How to completely disable Inverse document frequency?

I need to make a full text search for names. I would like to disable Inverse document frequency because it is irrelevant in my use case. Is it possible not only ignore Inverse document frequency but also to turn it off to not waste CPU for an unneeded job?

Best regards

Why is it not relevant?

Because IDF is created to increase relevance for unique terms in a shard. I.e. terms which are frequent in specific shard have more relevance than less frequent terms in this shard. IDF is good if your data is well balanced among shard and you have a lot of unnecessary words in your index like: the, is, very and so on.

In my situation, I have an index of user names.
I.e. data like: Will Smith, Katy Perry, Brad Pitt...
Logically, that I won't have any unnecessary words in my index. If IDF will be used, then Will Smith on shard 1 and Will Smith one shard 2 will possibly have different score and the score will be counted not on "how much your query is equal to current data" but "how unique your data on specific shard".

IDF is good for searching something in random texts, but it is bad for names search.

Correct me if I am wrong.

Why not just use filters then?

Also Elasticsearch 6.X used BM25 as its search algorithm, it's much better at dealing with relevance than TF/IDF.

Filters do not provide score. I need score. The more term looks like the indexed data the more it relevant to me.
If I have names like Will Smith, Will Smeeth, Bill Smith and I am searching "Will Smith" I need all Will Smith to be on the top and other name to be on the bottom.

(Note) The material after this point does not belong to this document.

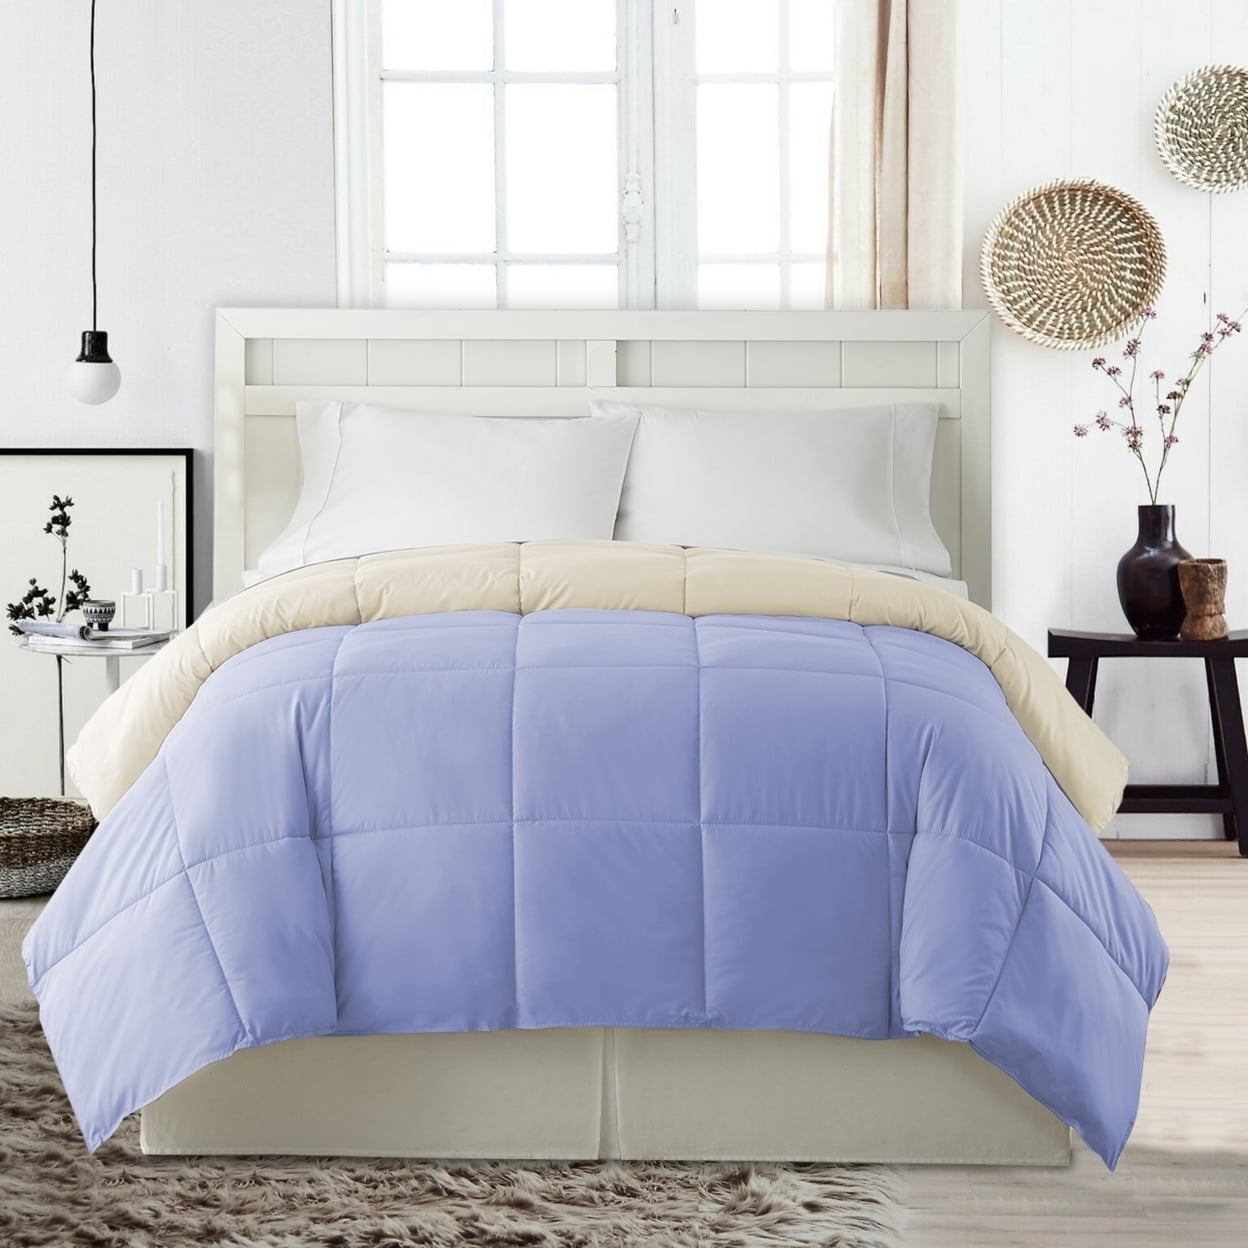 Bm202053 Genoa King Size Box Quilted Reversible Comforter, Blue & Cream

Also, I need all same name to have the same score. Say if I have several Will Smith in shard 1 and several Will Smith in shard 2 I need them all to have the same score. Both BM25 and TF/IDF are using IDF and they do not provide relevant scores for names search.

When I search for "Will Smith" I first need to show all users with name "Will Smith" then all users with "Bill Smith" then all users with "Robert Smith" and so on. In my situation I don't care how many users have the name "Will Smith" or "Robert Smith". All I care is how much the data similar to "Will Smith".

Right now I am ignoring IDF in my similarity and it works well, but I would like also to shutdown the IDF counting because it is unnecessary work which I don't need. Here is what I use right now:

"similarity" : {
  "default": {
    "type": "scripted",
    "weight_script": {
      "source": "return query.boost;"
    },
    "script": {
      "source": "double tf = Math.sqrt(doc.freq); double norm = 1/Math.sqrt(doc.length); return weight * tf * norm;"
    }
  }
}

This topic was automatically closed 28 days after the last reply. New replies are no longer allowed.